Jim Dow could have taken the money and run.
Plenty of well-meaning people suggested he was crazy not to, including business colleagues and financial advisers.
And nobody, not even his 54 employees -- average tenure, 10-plus years -- would have blamed him for selling Diversified Plastics, the Brooklyn Park manufacturing firm Dow founded 35 years ago, to the highest bidder.
The business was profitable and growing. Sales jumped 24 percent to $8.3 million in 2011, and are forecast to rise to $10 million in 2012. Diversified had even managed to squeak out a profit during the worst of the recession, though it hadn't been easy. The workweek was cut from five days to four, and management took pay cuts. But nobody lost jobs, and business came back strongly.
Which made it the perfect time to sell. Plus, at 75, Dow was at least a decade past the age when most entrepreneurs cash out and savor the fruits of their labors.
While no son, daughter or co-founder was waiting to take the reins, there were plenty of would-be buyers. Their visits to the factory floor had become increasingly routine in recent years, so employees expected the worst when they gathered for what they were told would be an important company meeting.
Dow opened the session by acknowledging that he was "getting on in years," and that it was time to plan for the future. When he turned to a PowerPoint presentation and said, "I'd like to introduce you to your new owners," some employees began to weep.
Capitalism gets a bad rap these days. The starting point for the Occupy Wall Street movement and its offshoot, We are the 99%, is that the "system" is rigged against them. It is a sentiment that has even taken hold in the Republican primaries, where front-runner Mitt Romney finds himself under attack for being a successful businessman.
Think of Dow as a counterweight to that argument, but not the exception to the rule. For every Wall Street banker who took a government bailout or multinational CEO that shifts jobs to China, there are 1,000 Jim Dows starting a business, fighting to keep it alive, or worrying about how to grow it.
They are the backbone of the U.S. economy and the source of its strength. They create jobs that raise standards of living. Just ask Annette Lund, who started at Diversified more than 30 years ago as a part-time receptionist. The company helped pay for her to get a bachelor's degree, and today she's a vice president.
Entrepreneurs like Dow take risks that sometimes pay off in a big way, but often don't.
Dow certainly didn't know what to expect in 1977. He was almost 40 years old and had just been cut loose from the only company he'd ever worked for after college. And he was angry about it.
"I decided that if I was ever going to be unemployed again because of a bad decision by some idiot, then I would be that idiot," he said.
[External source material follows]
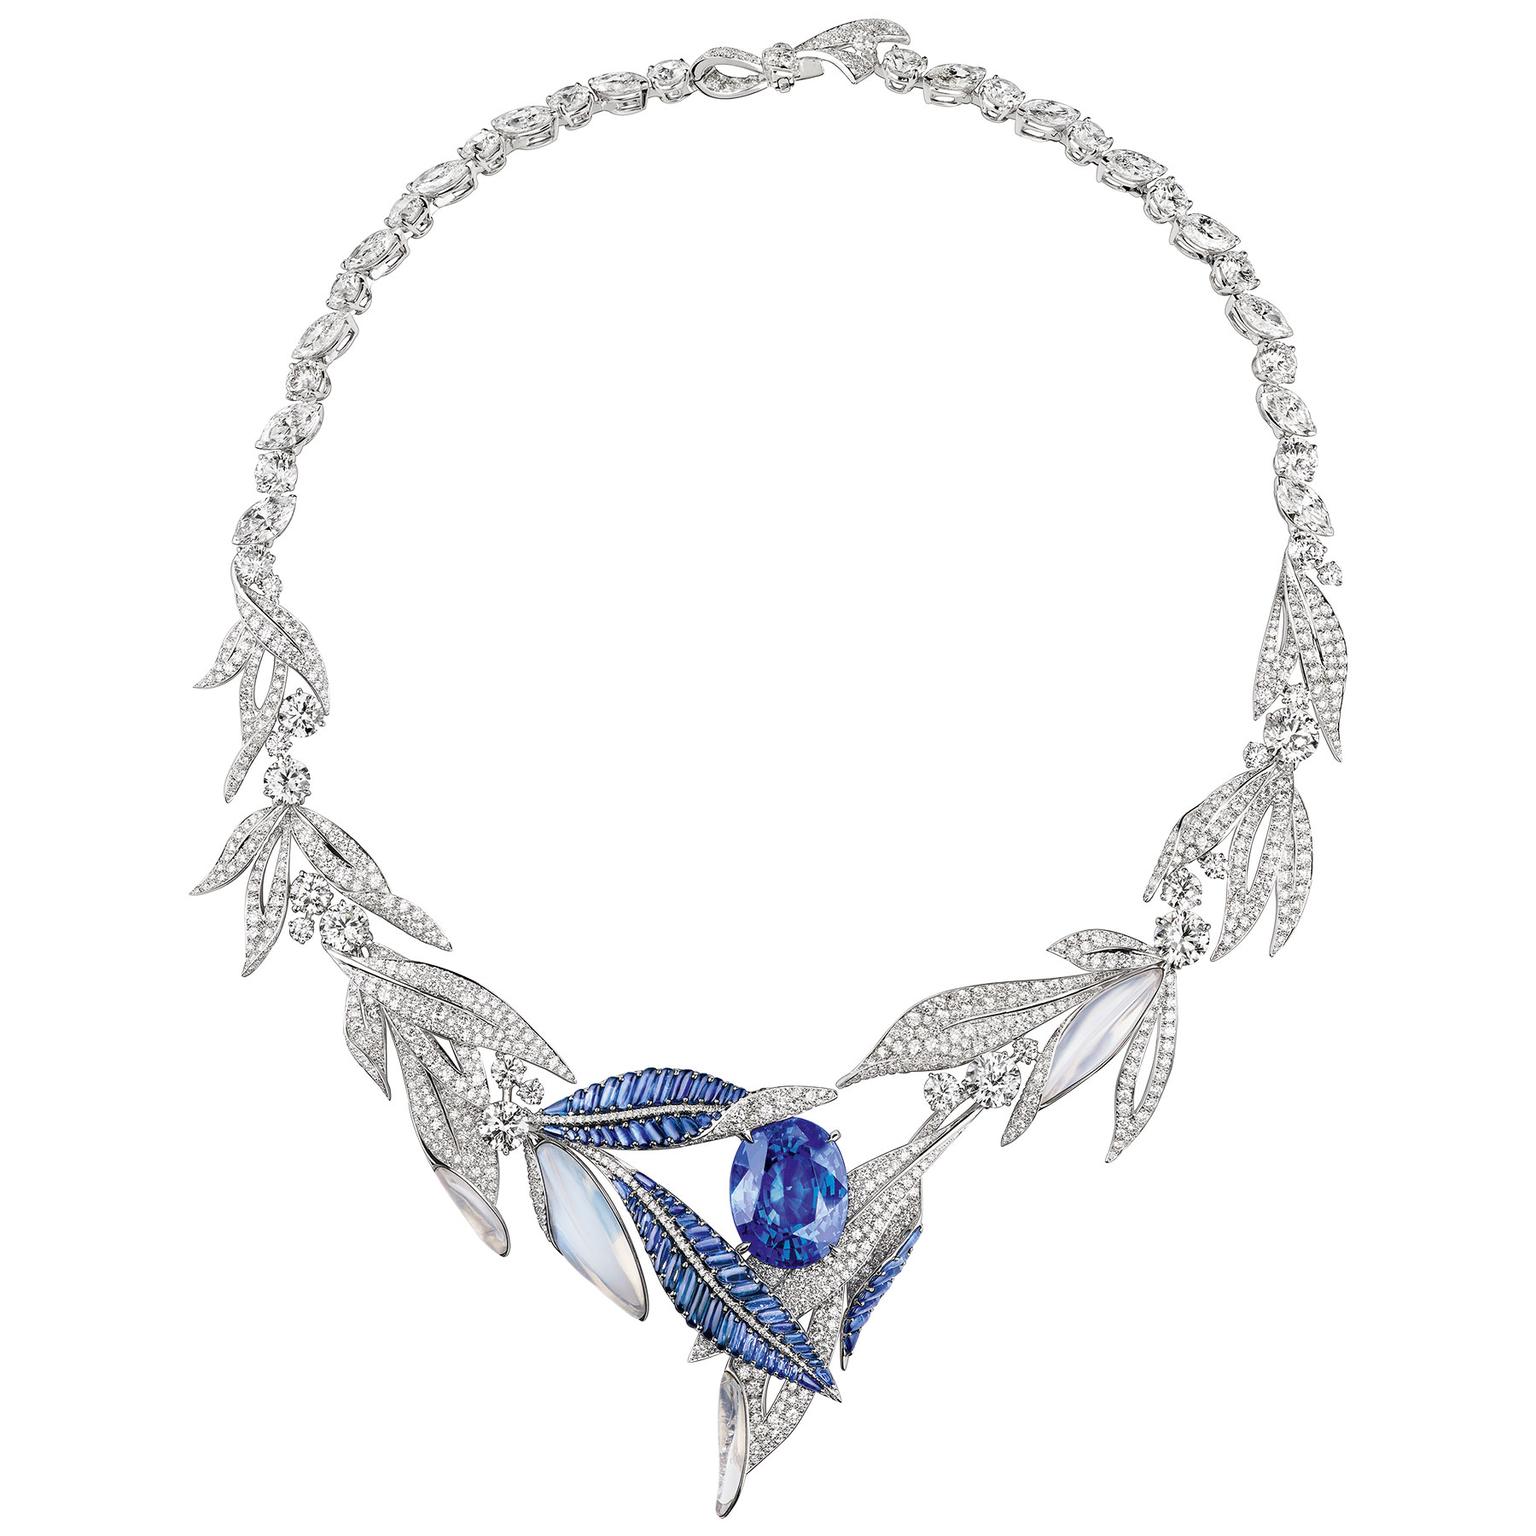 Chaumet, Mellerio, Boutemy (Jewels Art Deco) 1937 Necklace

Diversified was undercapitalized and had far too few customers when it began its manufacturing operations in 1978. The early years were touch and go. But for the hard work and incredible sacrifices made by employees in the early years, Dow said Diversified would be out of business today.
That knowledge weighed on Dow as he explored selling the company.
Diversified is a job shop. It has no products of its own. Instead, it makes mostly invisible but indispensable plastic parts on contract for the likes of Boeing and Dow Chemical. Other manufacturers are capable of doing similar work, so any outside buyer would be most interested in Diversified's customer list, some of its machines and few, if any, of its employees.
Dow couldn't get comfortable with that prospect. Employees "deserved something better than being put out of work by the sale of the company to someone bigger."
Dow concluded that the right thing to do was to sell Diversified to those employees through an Employee Stock Ownership Plan (ESOP).
ESOPs are quietly becoming an increasingly popular way for workers to help share in the wealth they help create. At the end of 2008, an estimated 13.5 million Americans were in an ESOP, up from 10.1 million in 2005. One possible reason for that increase is a growing body of research that suggests businesses owned entirely or in part by their employees outperform both privately owned and publicly traded companies.
So, why don't even more private companies use them? For smaller firms, ESOPs can be too expensive to set up and administer. And while ESOPs bring big tax advantages for owners when they sell their stock, there's some risk involved, too. Dow won't get all of his money right away, and he would likely have gotten more if he'd sold to an outside buyer. Roger Vang, Diversified's chief financial officer, estimates that Dow, who has agreed to stay on three years as president, "probably left 20 percent on the table."
On the wall flashed a headline that said, "You!"
Beneath it were pictures of all of Diversified's employees.